● **The task**: Copy out the full data exactly as given; pictures should not be included.

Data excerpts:
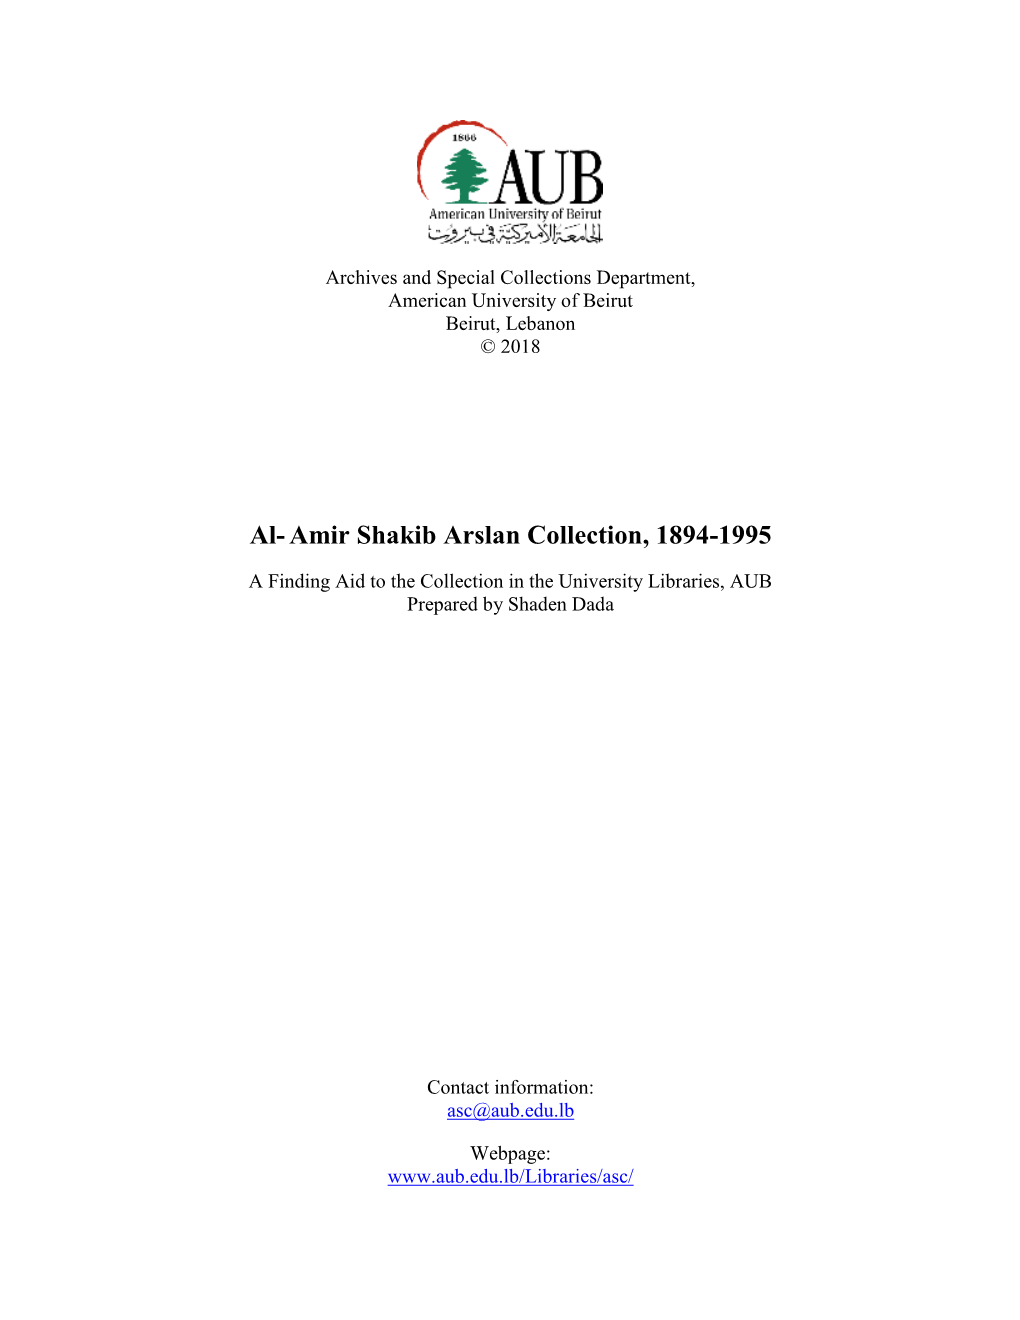 Al-Amir Shakib Arslan Collection, 1894-1995
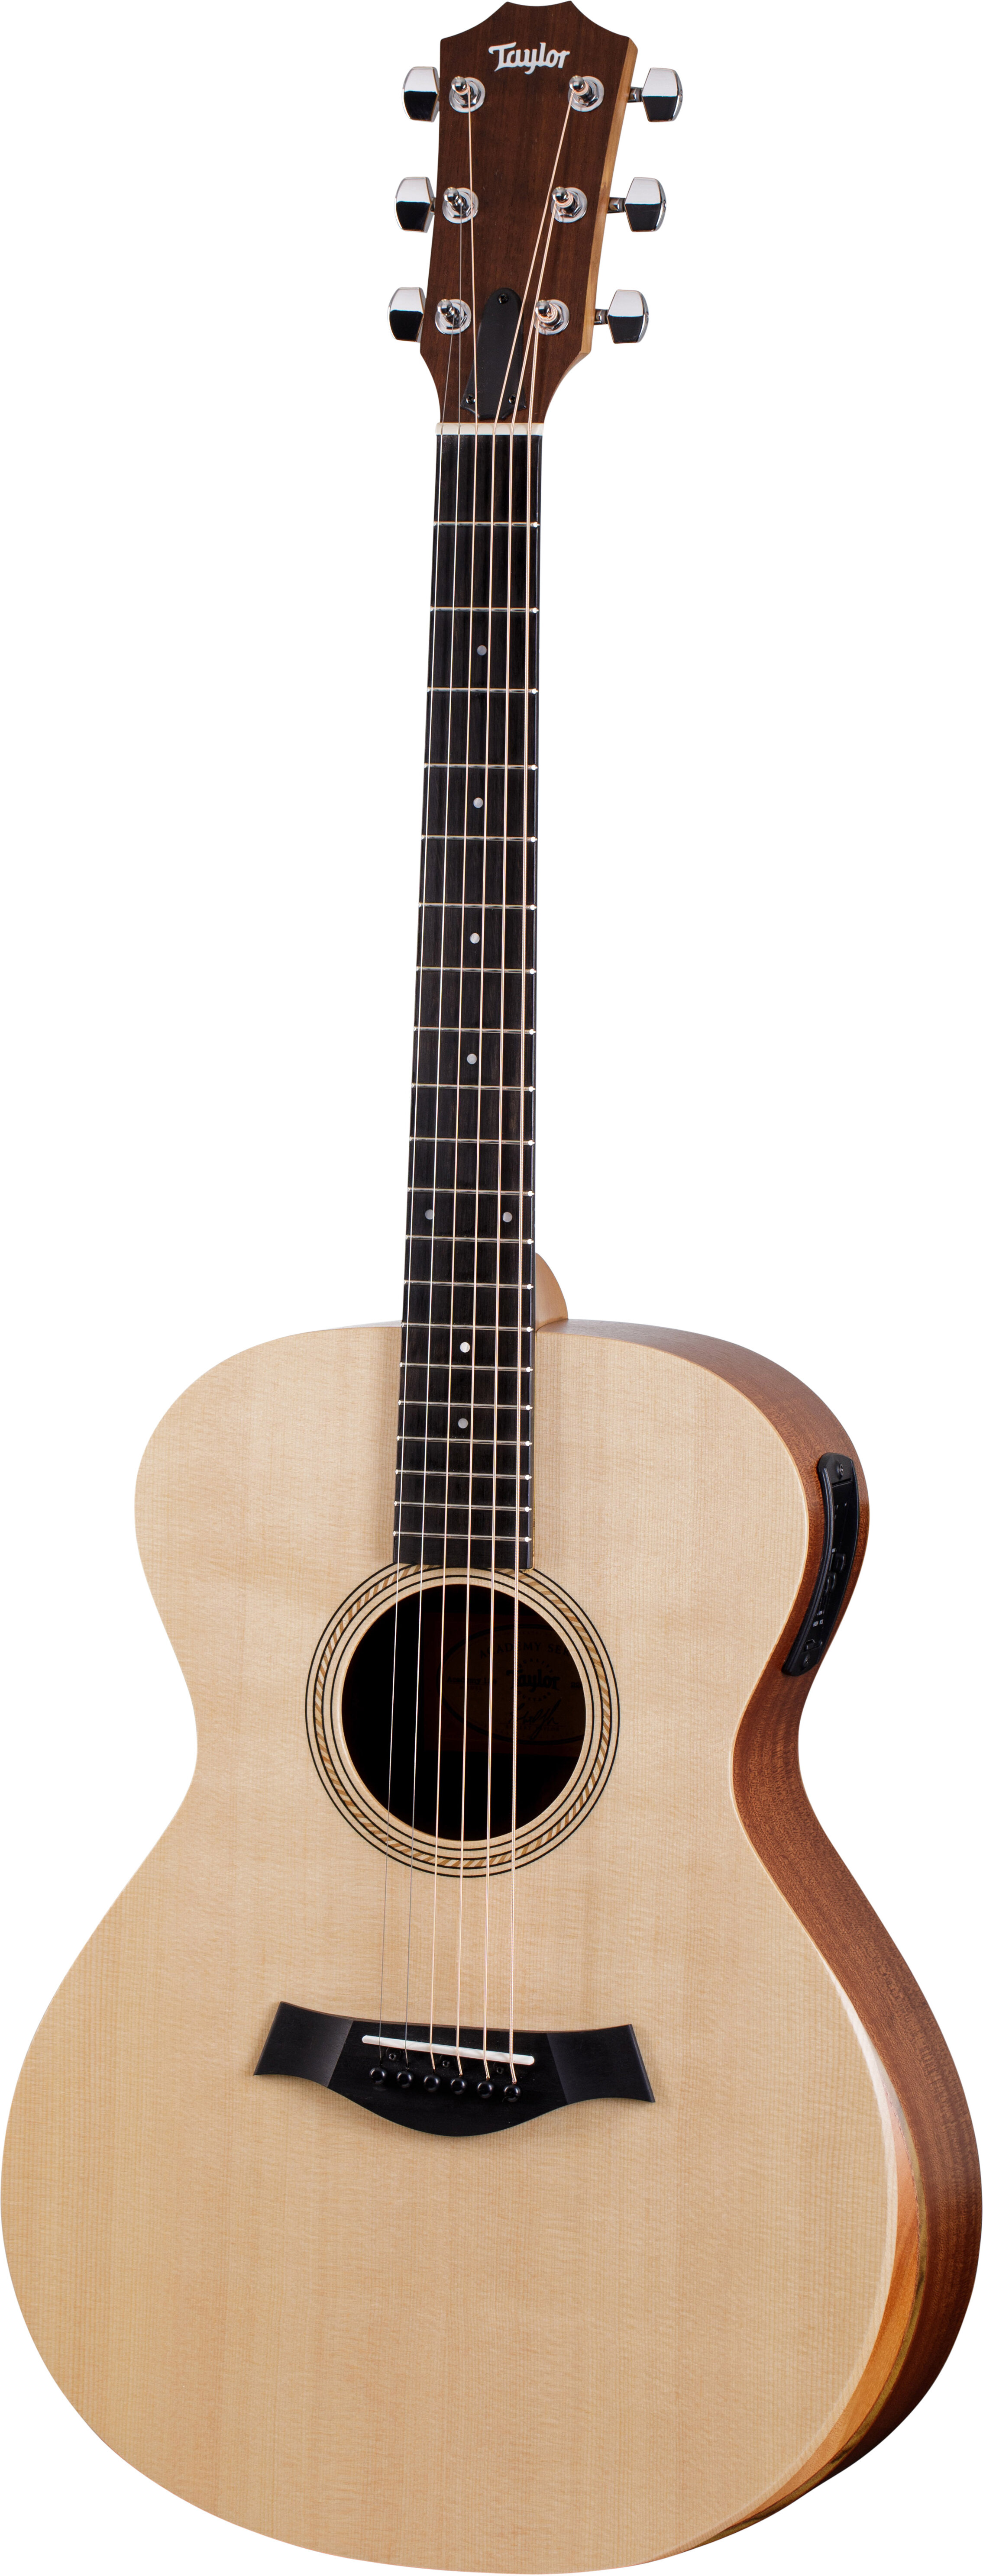 Taylor Guitars Academy12e-LH-22
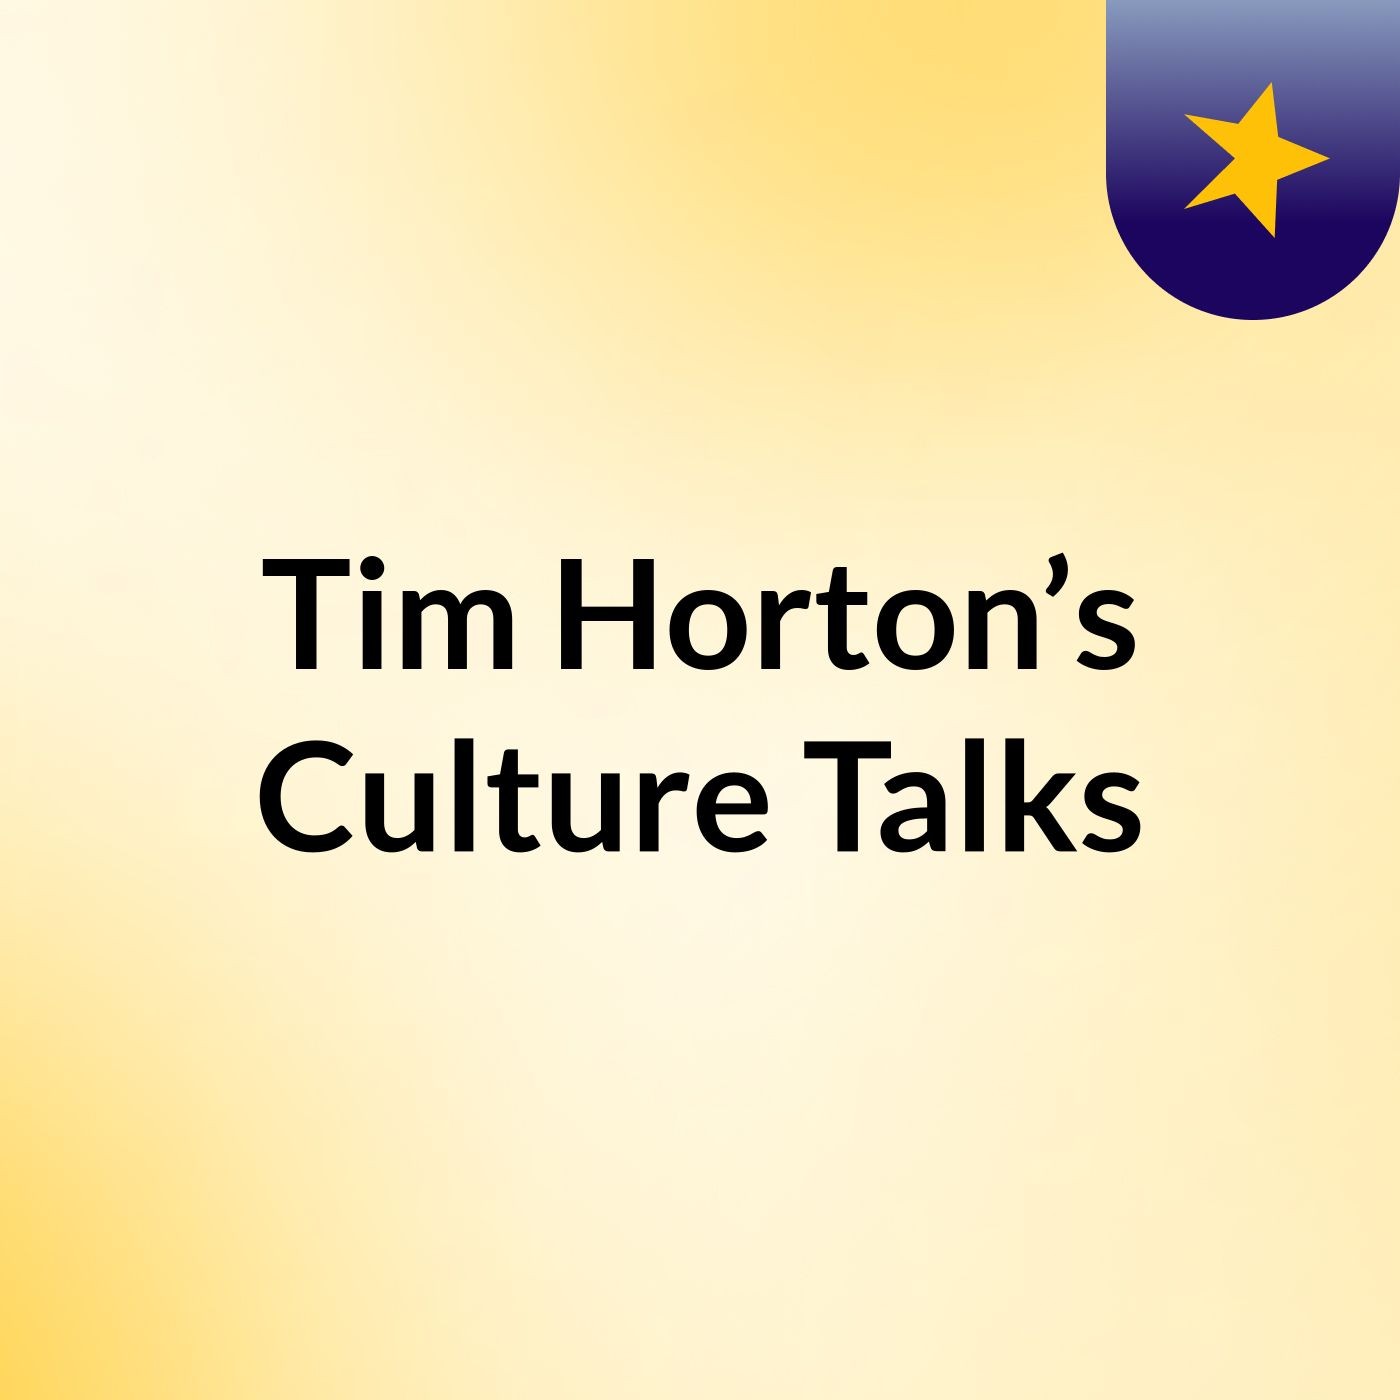 Tim Horton’s Culture Talks
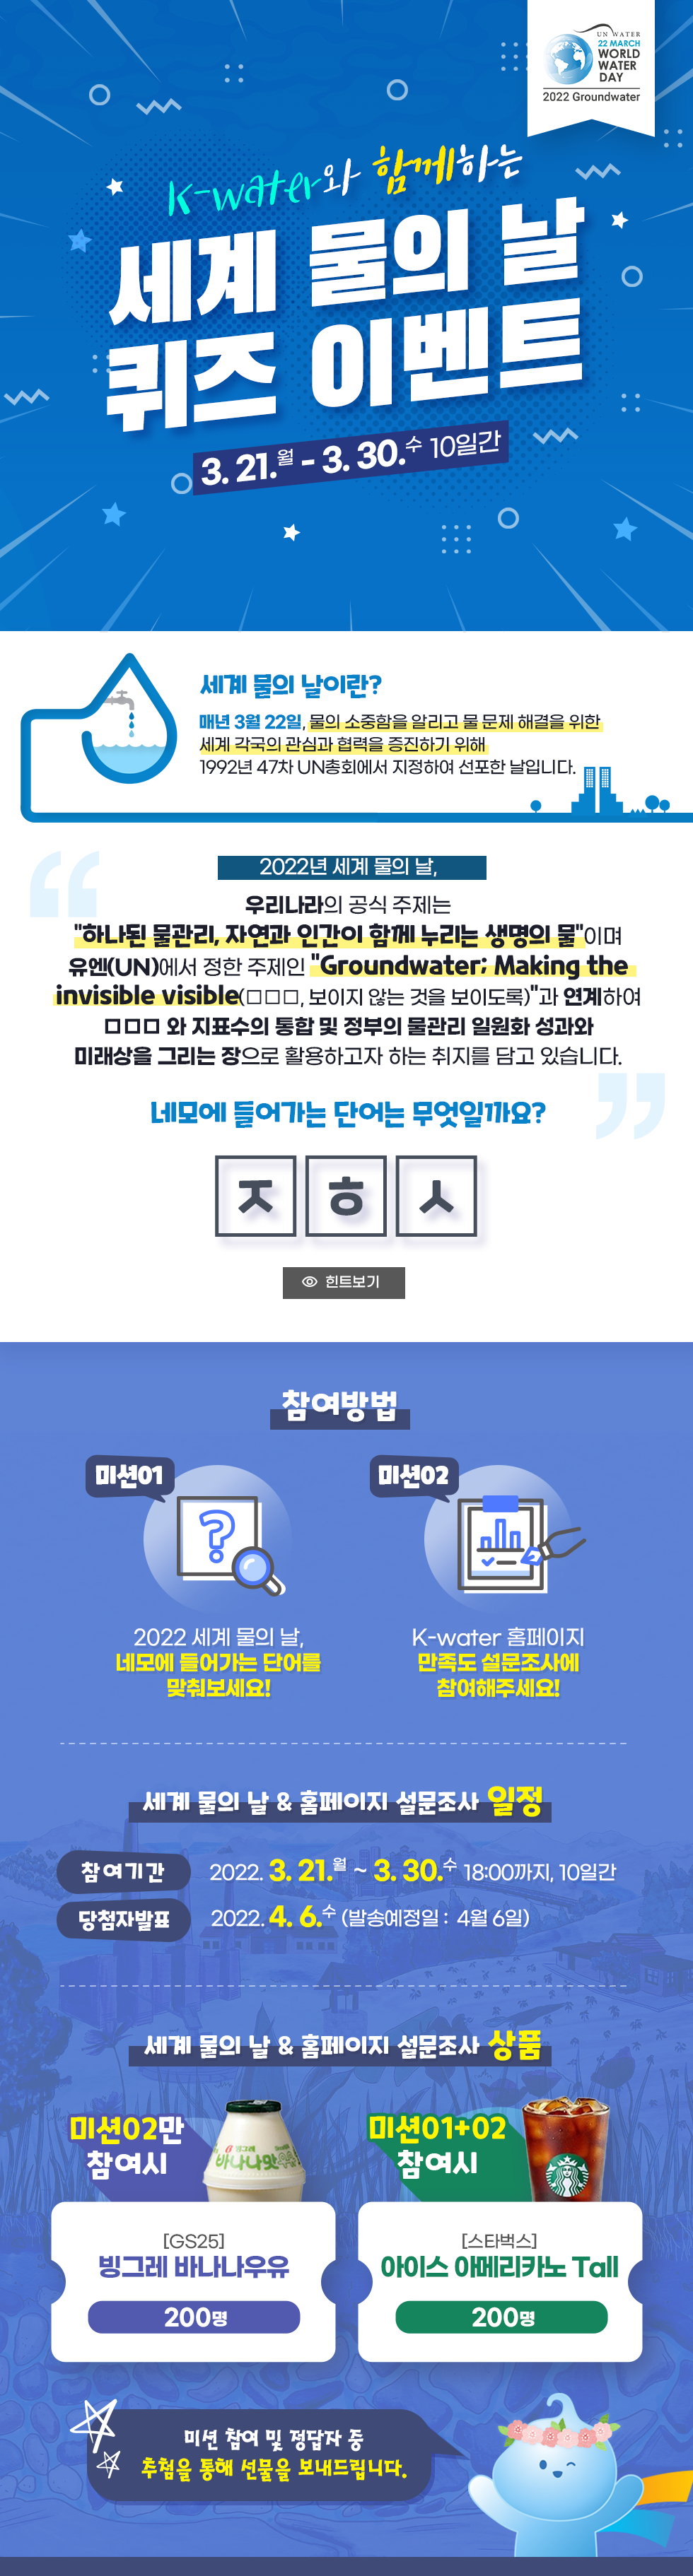 K-water와 함께하는 세계 물의 날 퀴즈 이벤트 3.21(월) ~ 3.30(수) 10일간 
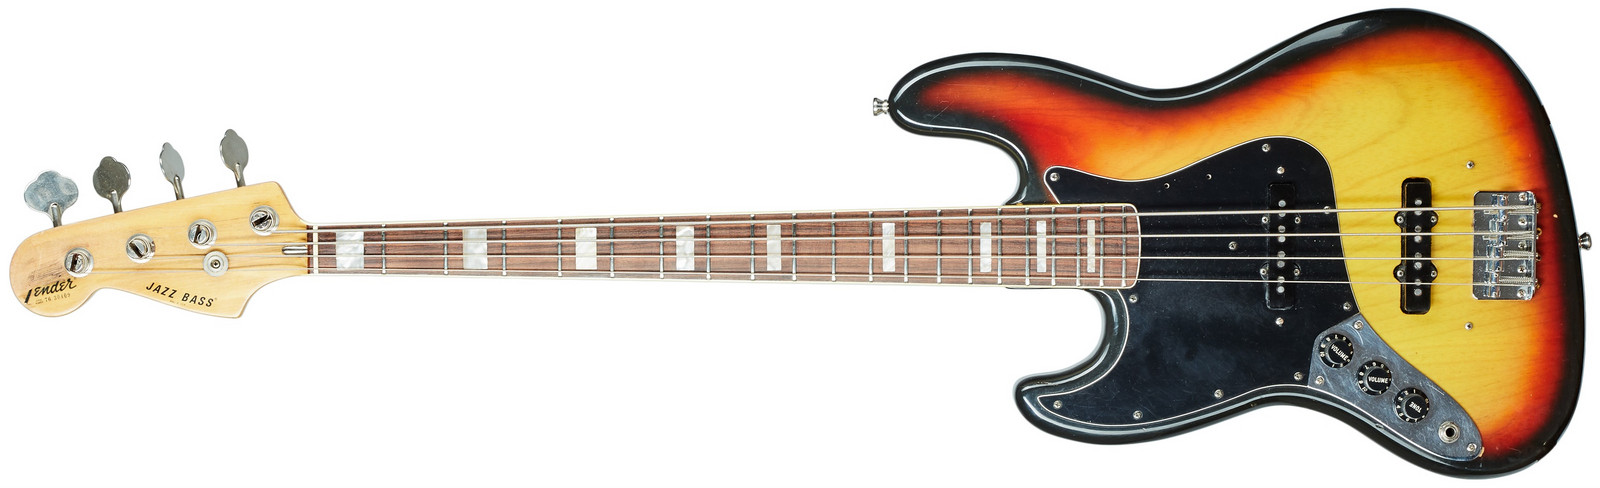 Fender 1976 Jazz Bass Lefthand

● **Finished task**:
 Al-Amir Shakib Arslan Collection, 1894-1995
 Taylor Guitars Academy12e-LH-22
 Tim Horton’s Culture Talks
 K-water와 함께하는 세계 물의 날 퀴즈 이벤트 3.21(월) ~ 3.30(수) 10일간 
 Fender 1976 Jazz Bass Lefthand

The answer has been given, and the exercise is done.